Testing¶
How to generate realistic subscription data and validate the event pipeline.
Overview¶
Every Stripe account has a test mode with a separate sk_test_ API key. Test mode data is completely isolated from live data — no real charges, no real customers.
Stripe's Test Clocks let you simulate time advancement: create subscriptions in the past and fast-forward through months of billing cycles, generating real invoices, renewals, cancellations, and webhook events.
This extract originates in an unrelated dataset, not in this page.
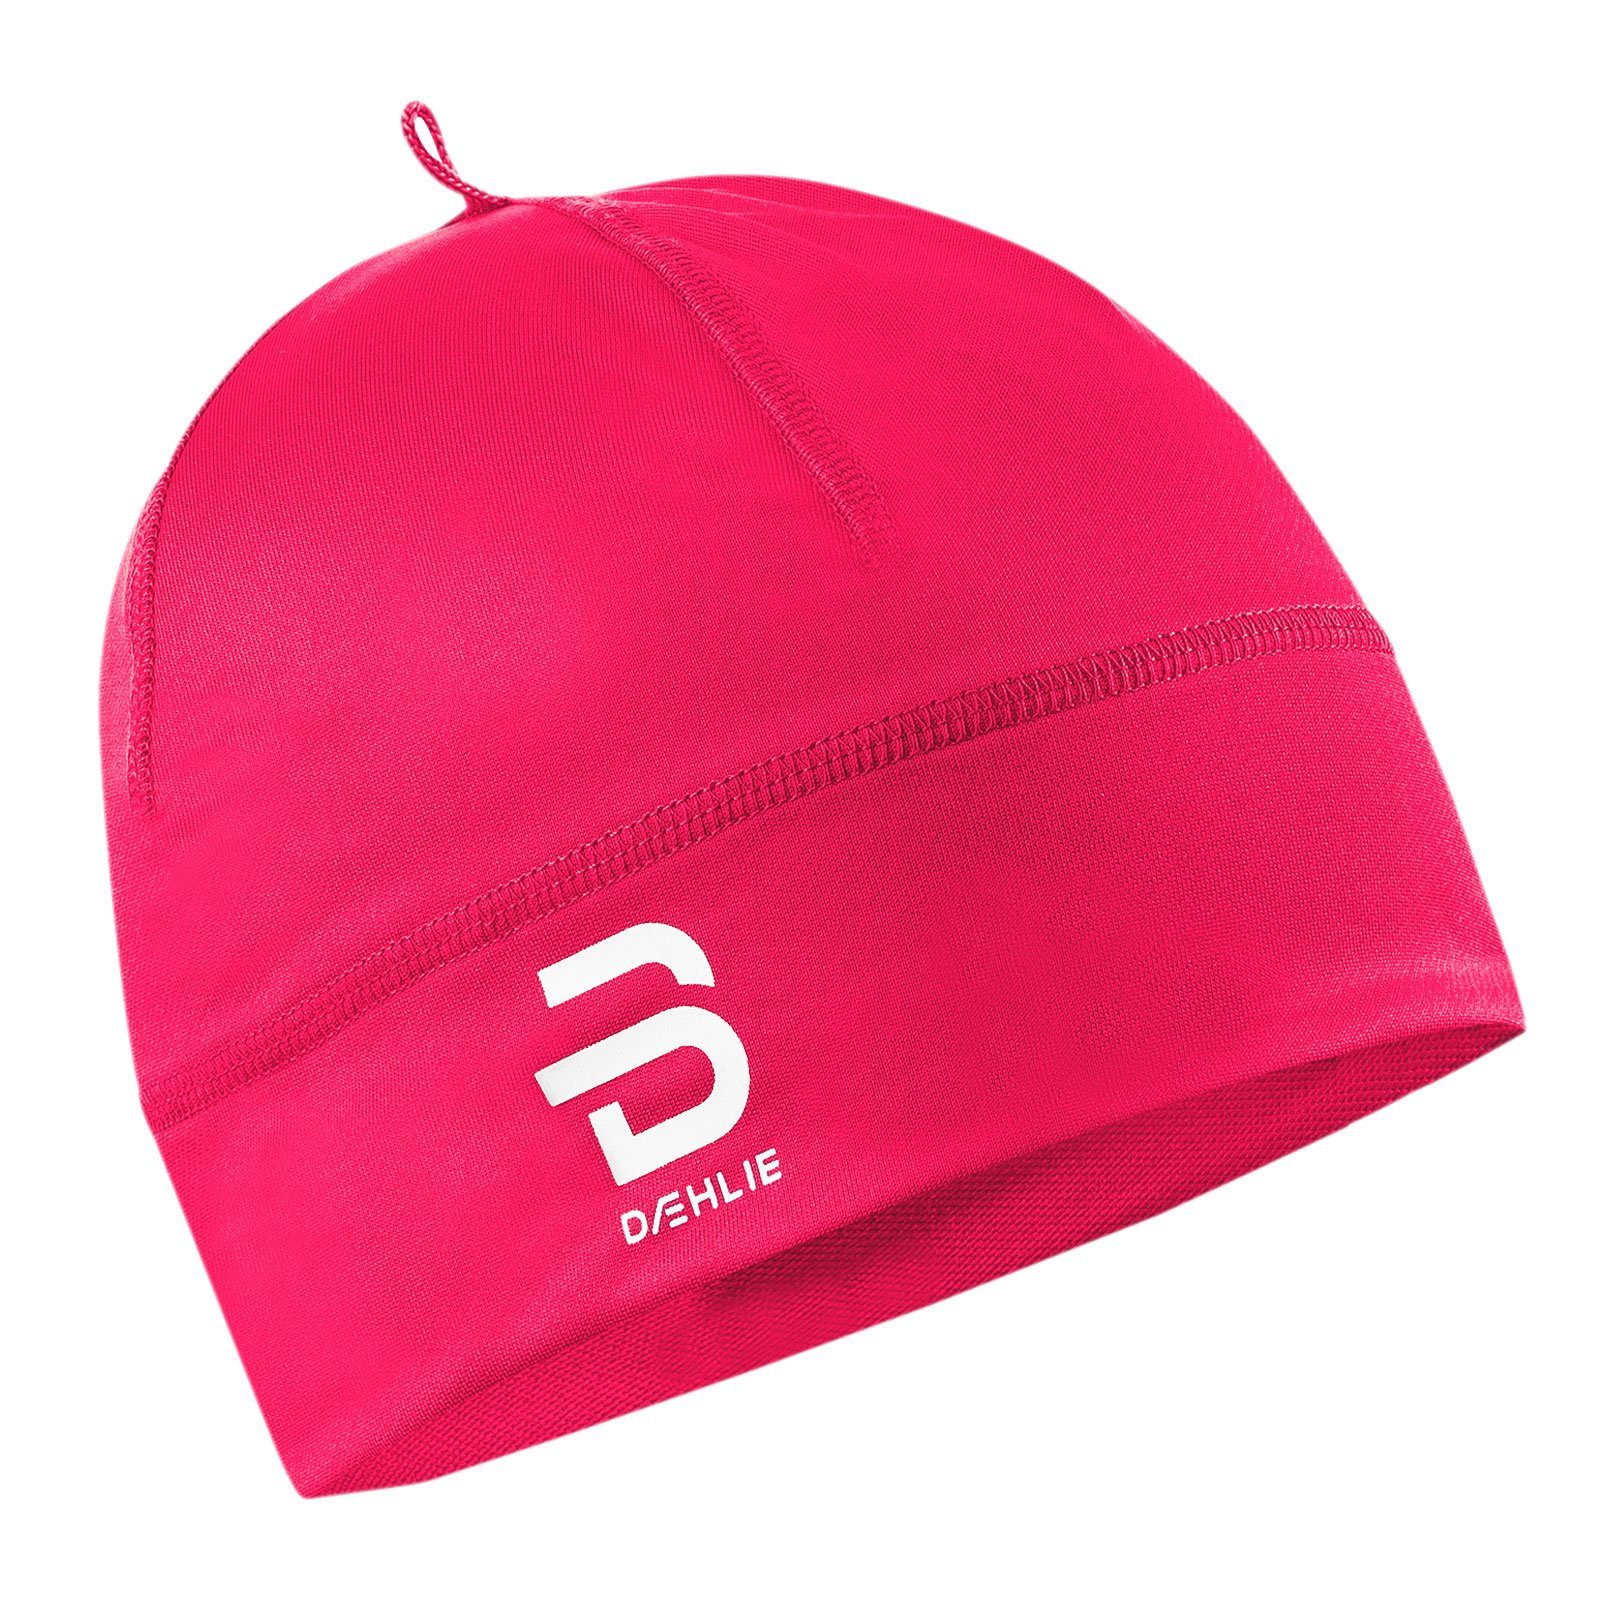 DAEHLIE Skimütze Hat Polyknit mit dekorativem Logo rosa

This is the primary way to exercise the full event pipeline.
Seeding Test Data¶
# Seed Stripe test data (self-contained — starts its own stack)
make seed # requires STRIPE_API_KEY
What make seed Does¶
- Cleans up — deletes existing test clocks and their resources, stops any running stack
- Starts the full stack in Docker (PostgreSQL + Redpanda + API + Worker) using
docker-compose.local.yml - Starts
stripe listento forward webhook events to the API - Runs the seed script (
deploy/seed/stripe_seed.py) — creates customers, subscriptions, and advances time through 18 months of billing cycles - Validates results — checks that sources, metrics, and MRR are populated
- Stops the stack — the seeded data remains in PostgreSQL volumes
After seeding, use make dev to restart the infrastructure for local development (see Development).
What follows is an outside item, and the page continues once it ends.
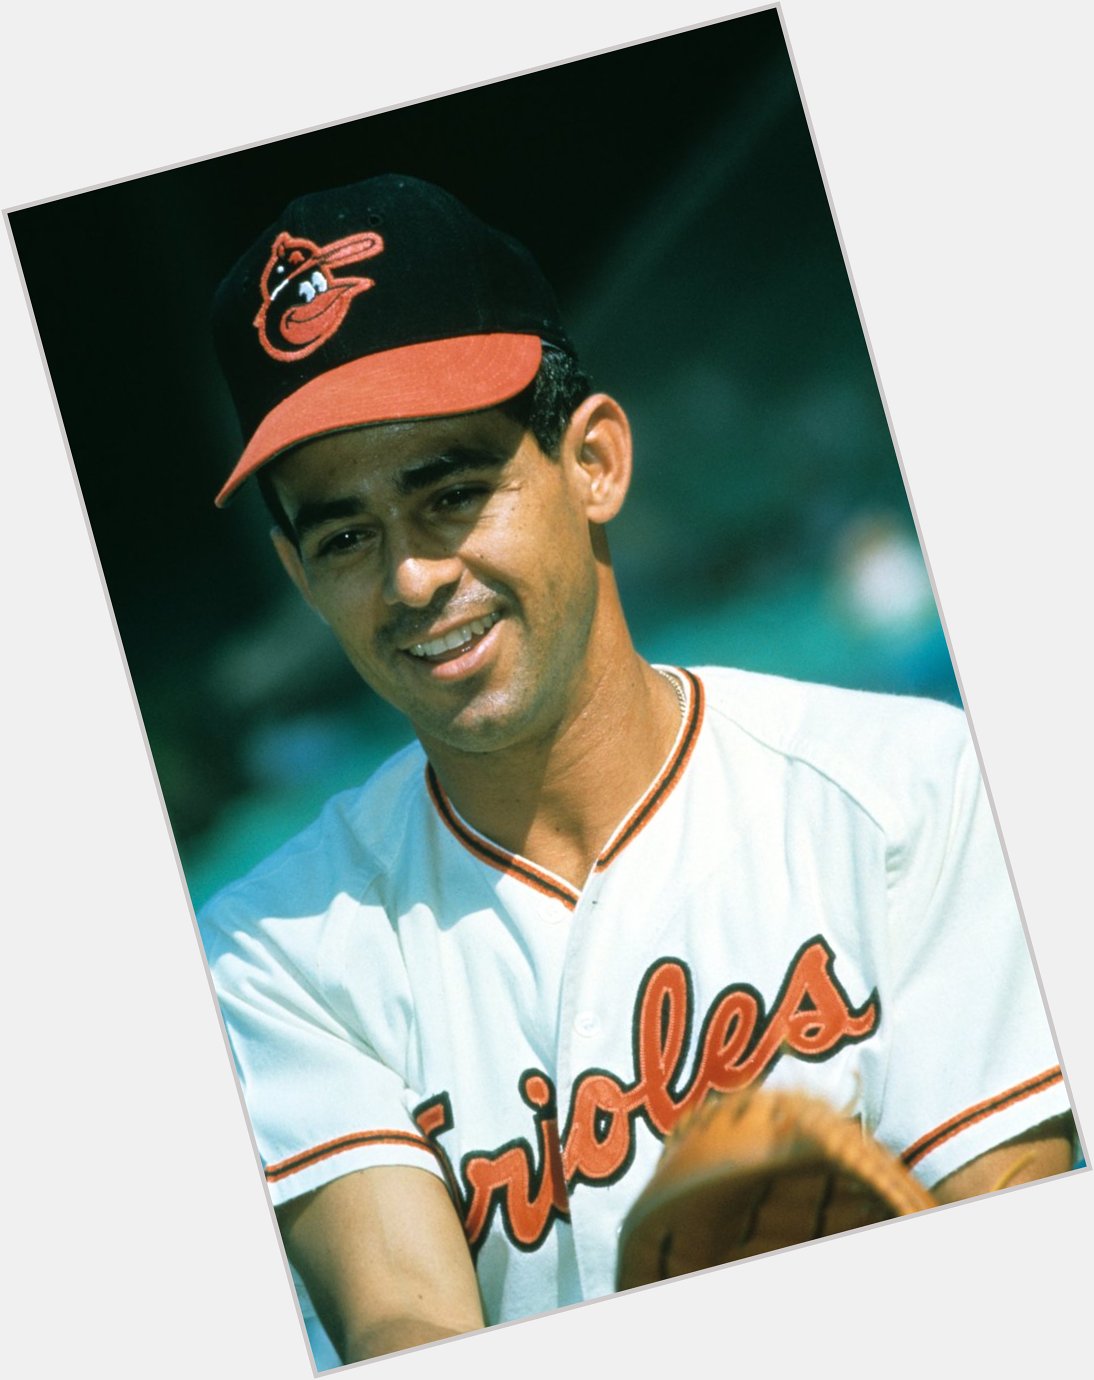 Happy Birthday to former shortstop and Hall of Famer, Luis Aparicio!

Running the Seed Script Directly¶
cd deploy/seed
STRIPE_API_KEY=sk_test_... python stripe_seed.py # full seed (19 customers, 18 months)
STRIPE_API_KEY=sk_test_... python stripe_seed.py --customers 5 # fewer customers
STRIPE_API_KEY=sk_test_... python stripe_seed.py --months 6 # shorter history
STRIPE_API_KEY=sk_test_... python stripe_seed.py --cleanup # delete all seed clocks
STRIPE_API_KEY=sk_test_... python stripe_seed.py --cleanup CLOCK_ID # delete specific clock
Dimension Variety¶
The seed rotates values across several fields so dashboards have visible breakdowns on a fresh install:
customer.country— cycles throughUS,GB,DE,FR,CA,AU(written toaddress.country; Stripe'scustomer.createdwebhook carries it, the connector forwards it aspayload.country, and the state consumer persists it incustomer.country).currency— Starter-tier base prices and Enterprise monthly prices haveusd/eur/gbpvariants. Subscriptions rotate through them. Metered tiers stay USD-only because Stripe billing meters are single-currency.cancel_reason— every cancel operation passescancellation_details.feedback(too_expensive,missing_features,switched_service,customer_service,unused,low_quality,other); the connector forwards it so it surfaces onmetric_churn_event.cancel_reason.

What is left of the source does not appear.